The following points are made by E.J.W. Barrington (citation below):

1) Two main types of highly differentiated photoreceptor system have appeared in the invertebrates: the compound eyes of arthropods and the camera-type eyes of cephalopods. Enough is known of the mode of functioning of these, and of their probable past history, to show that they represent the evolution, along two very different lines, of organs that have some striking points of similarity with the vertebrate eye, not only in their pigments but also in certain details of their structural organization. Indeed, this is an aspect of animal organization which is of considerable significance -- a convergence resulting from the widespread distribution of a common biochemical ground plan. In this instance the common feature is, of course, the nature of the photosensitive pigments.

2) Simple types of eyes are seen in the free-living Platyhelminthes and in the Annelida, where they are often composed of sensory cells associated with screening pigment cells. In their simplest form they may be no more than pigment spots, forming part of the general epithelium, but more usually they sink inwards to form cups. In the Turbellaria the pigment cells are often arranged to form the wall of an open bowl, the bipolar receptor cells projecting into this through its aperture. In such an eye there can be no possibility of forming an image, for there is no refractive structure. These organs are doubtless restricted to the differentiation of light and darkness, and in this way they make it possible for the animal to orientate itself with respect both to the intensity and to the source of the illumination. The distal ends of the receptor cells are differentiated to form a rod border, in which longitudinal striations can be seen with the light microscope...

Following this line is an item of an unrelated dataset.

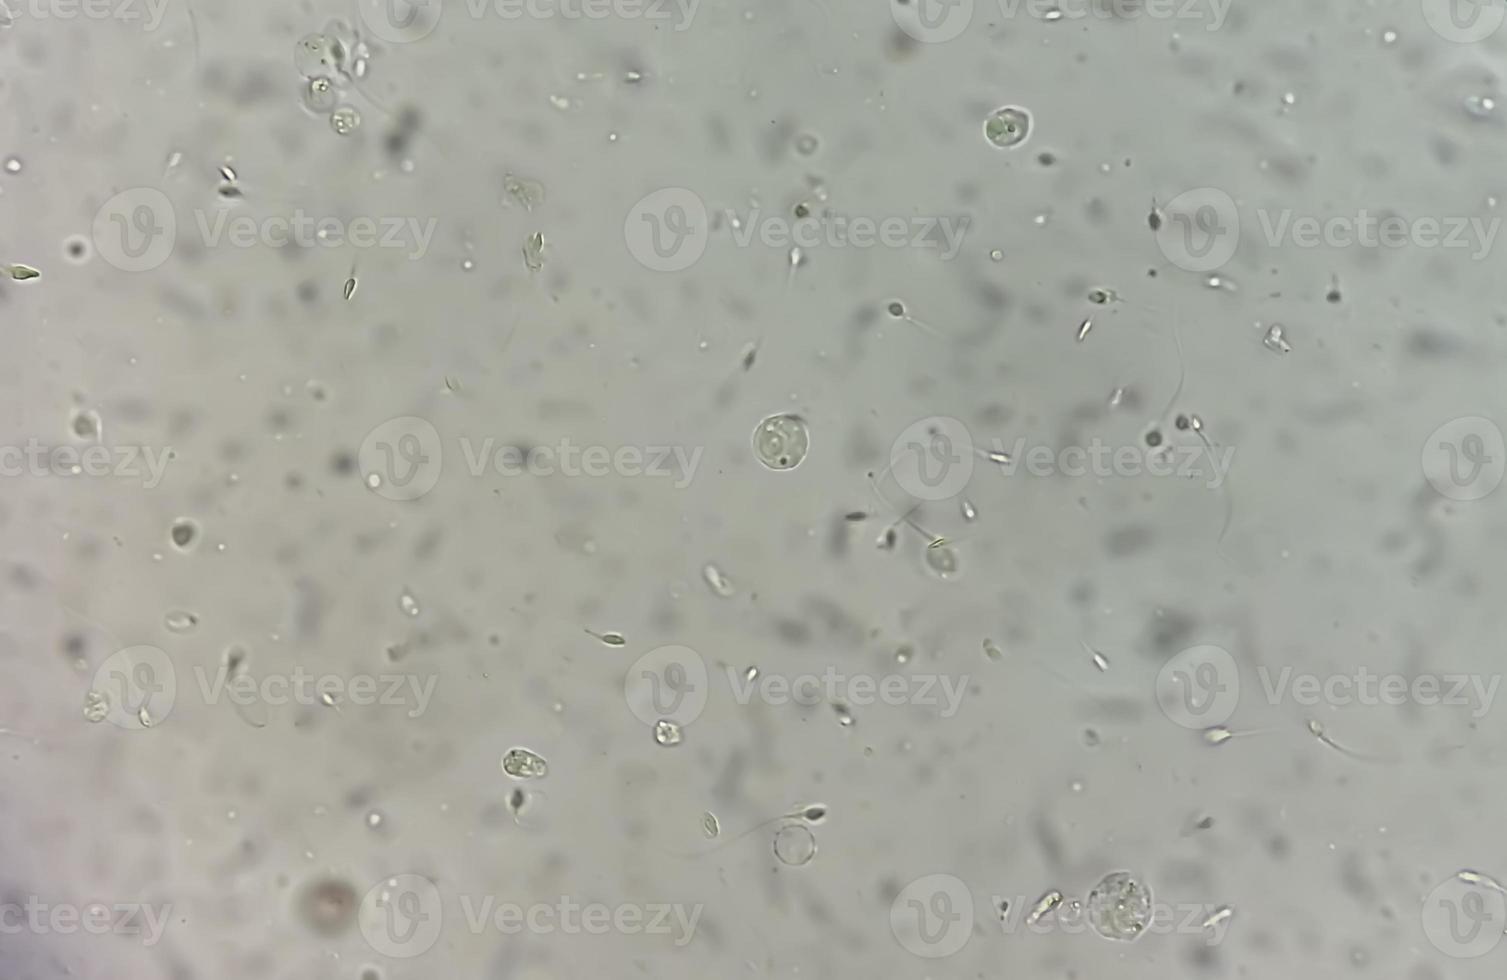 análisis de semen bajo microscopía que muestra piospermia o leucocitospermia. análisis de esperma foto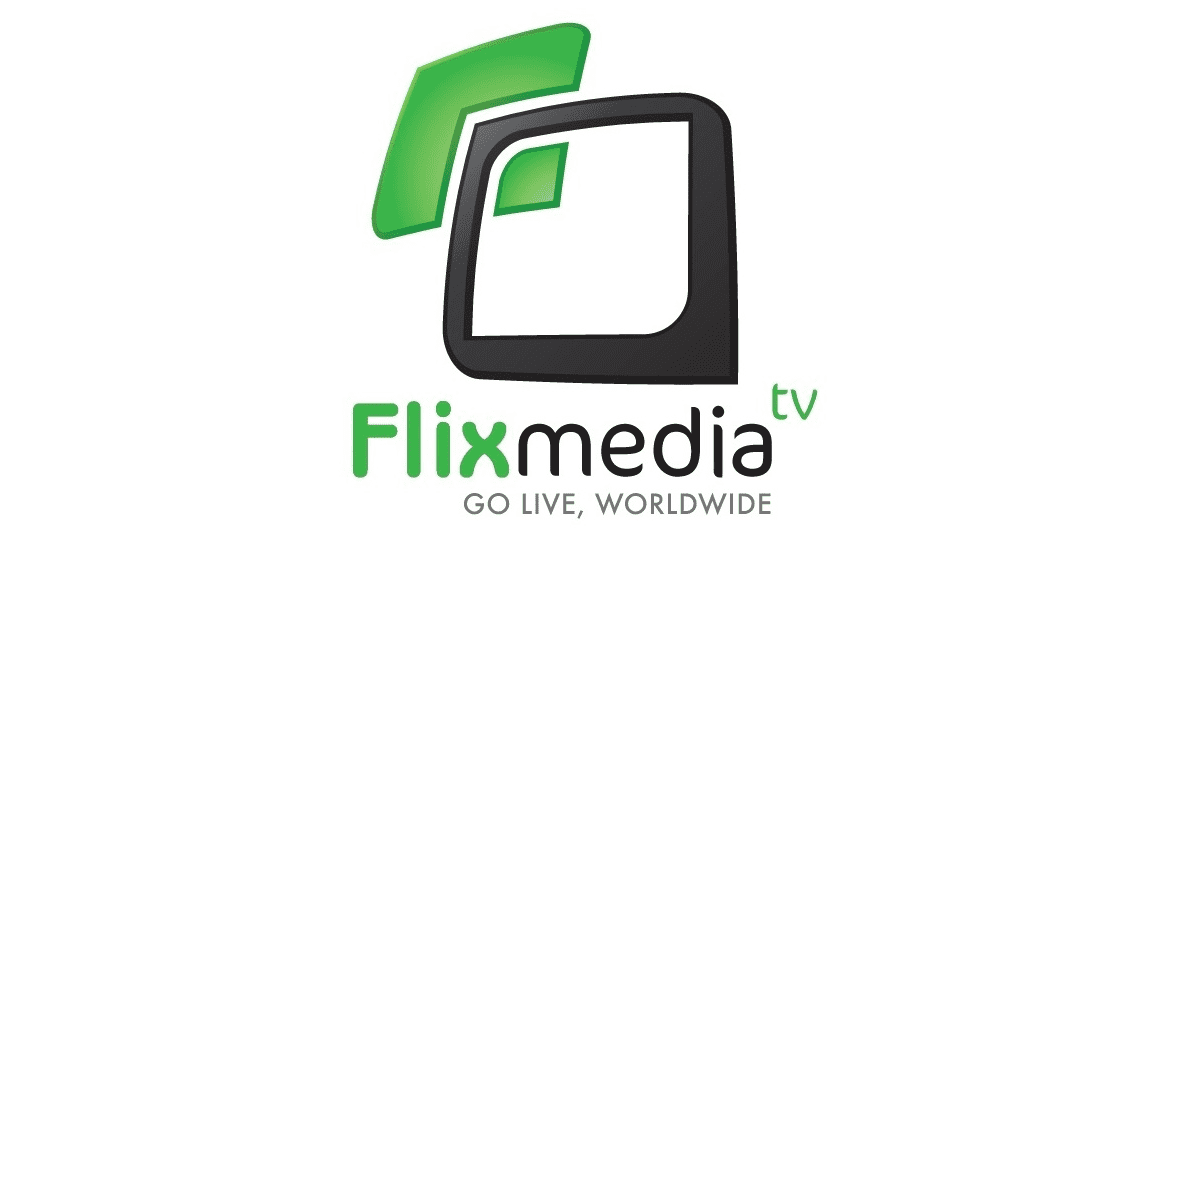 Flixmedia

3) Cup-like arrangements of pigment cells are common in the eyes of polychaetes, but a higher level of differentiation is reached in this group. Not only do the receptor cells themselves have a rod like tip, but the epithelium of the cup may produce secretions that fuse to form one or more lenses. Moreover, groups of sensory cells may be closely collected together to form ommatidia, recalling the unit structures of the compound eye of arthropods. Indeed, in sabellids (Branchiomma, for example) the ommatidia themselves may be grouped together to form a rudimentary type of compound eye. No doubt a similar tendency played an important part in the ancestors of arthropods, contributing to the establishment of their characteristic compound eyes. Convergence was probably involved in the process of arthropodization, so much so that it is necessary to envisage the possibility of an independent evolution of compound eyes in more than one line. The situation in annelids goes some way to make the possibility of the independent evolution of compound eyes acceptable, although it does not reveal the actual ancestry of these organs.

Adapted from: E.J.W. Barrington: Invertebrate Structure and Function. Nelson 1967, p.282.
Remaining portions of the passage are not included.